Honey Bees use pollen from yellow starthistle as a food source, and contribute to plant fertilization and seed dispersal. [4,6]

Key takeaway: Yellow starthistle is toxic to horses, and spikes are dangerous to livestock, wildlife, and humans. They are allelopathic, which deters the growth of other plants, creating monocultures when left unchecked.

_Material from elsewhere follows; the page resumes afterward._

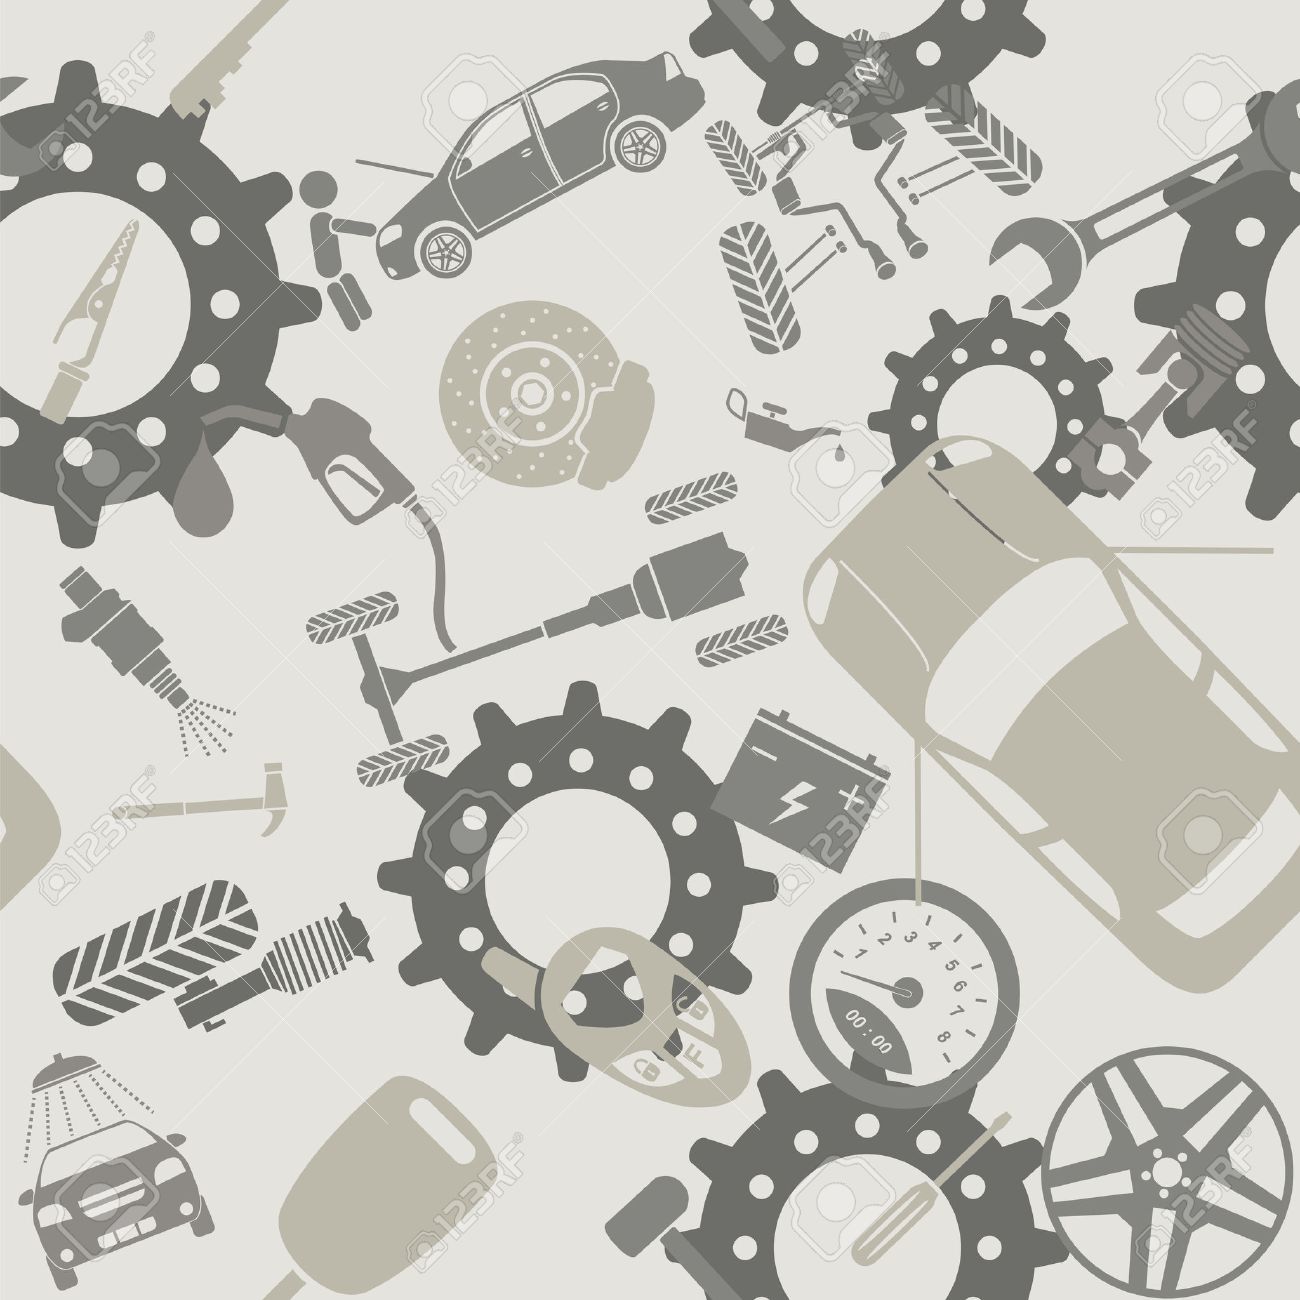 Car Service And Some Types Of Transportation Background Vector
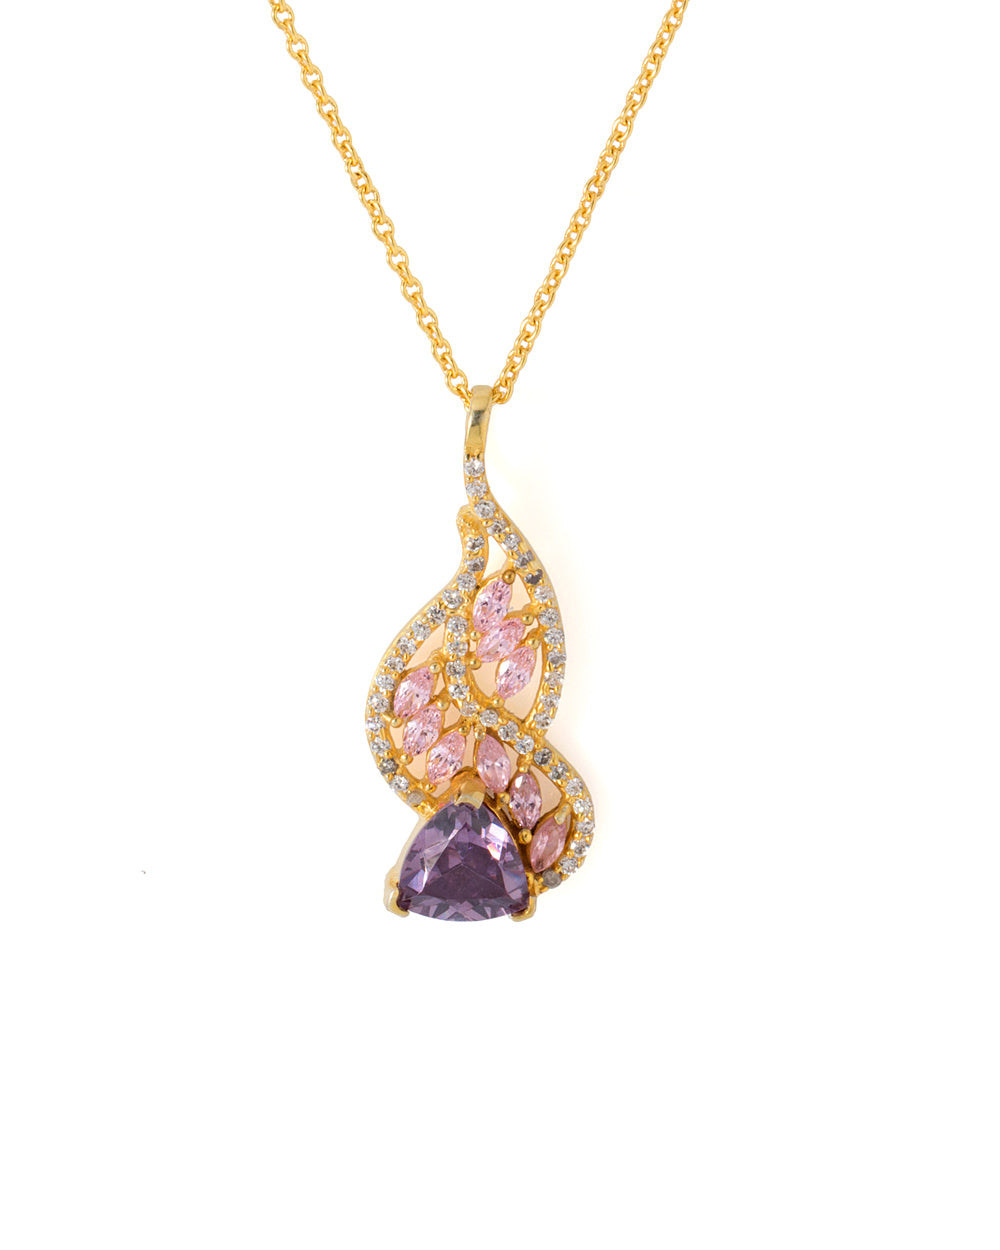 Glittering Pendant With Chain Adorned With Colorful CZ

Common risk factors for invasion

  • Open spaces: The weed favors open, sunny environments with little to no canopy cover, such as pastures, cultivated fields, and south-facing slopes. These conditions allow the weed to establish quickly and outcompete other plants. Maintaining healthy, large-leafed vegetation in these areas can help limit its spread.
  • Soil disturbance: Yellow starthistle is particularly fond of invading areas where soil has been disturbed, such as construction sites, tilled fields, or overgrazed pastures. This disruption weakens existing vegetation and allows the weed to become established. Minimizing unnecessary soil disturbance can help reduce the risk of invasion.
  • Human activity: This weed thrives in areas where the soil has been disturbed, such as construction sites, agricultural fields, roadsides, and other places where the natural vegetation has been disrupted. These disturbances create openings in the soil that allow the plant to become established in the first place. Additionally, the movement of soil, agricultural products, and equipment can inadvertently introduce yellow starthistle to new areas.
  • Seed contamination: Yellow starthistle seeds often appear in contaminated grain, legume seeds, or other agricultural seed crops. Knowledge of seed origins and cleaning planting equipment can help prevent infestations.
  • Moisture availability: While yellow starthistle has adapted to a wide range of soil and water conditions, it does generally require adequate moisture to establish and spread, making irrigated lands and areas with consistent rainfall particularly vulnerable. Permanent waterlogging will kill the plant, so infestations are more pernicious on sites with well-draining soil.

Impacts

Livestock

Yellow starthistle is edible to most livestock besides horses; however, once the plant develops spikes around its flower, most livestock are deterred from grazing in those areas or are injured by those spikes. [6]

 

Ecosystem Health

Once established, Yellow starthistle displaces native plants via dense monocultures and allelopathy, resulting in loss of biodiversity. This can significantly reduce forage availability for wildlife, further decreasing diversity and wildlife habitat. This weed also depletes the soil of its nutrients and alters water cycles. [3,6]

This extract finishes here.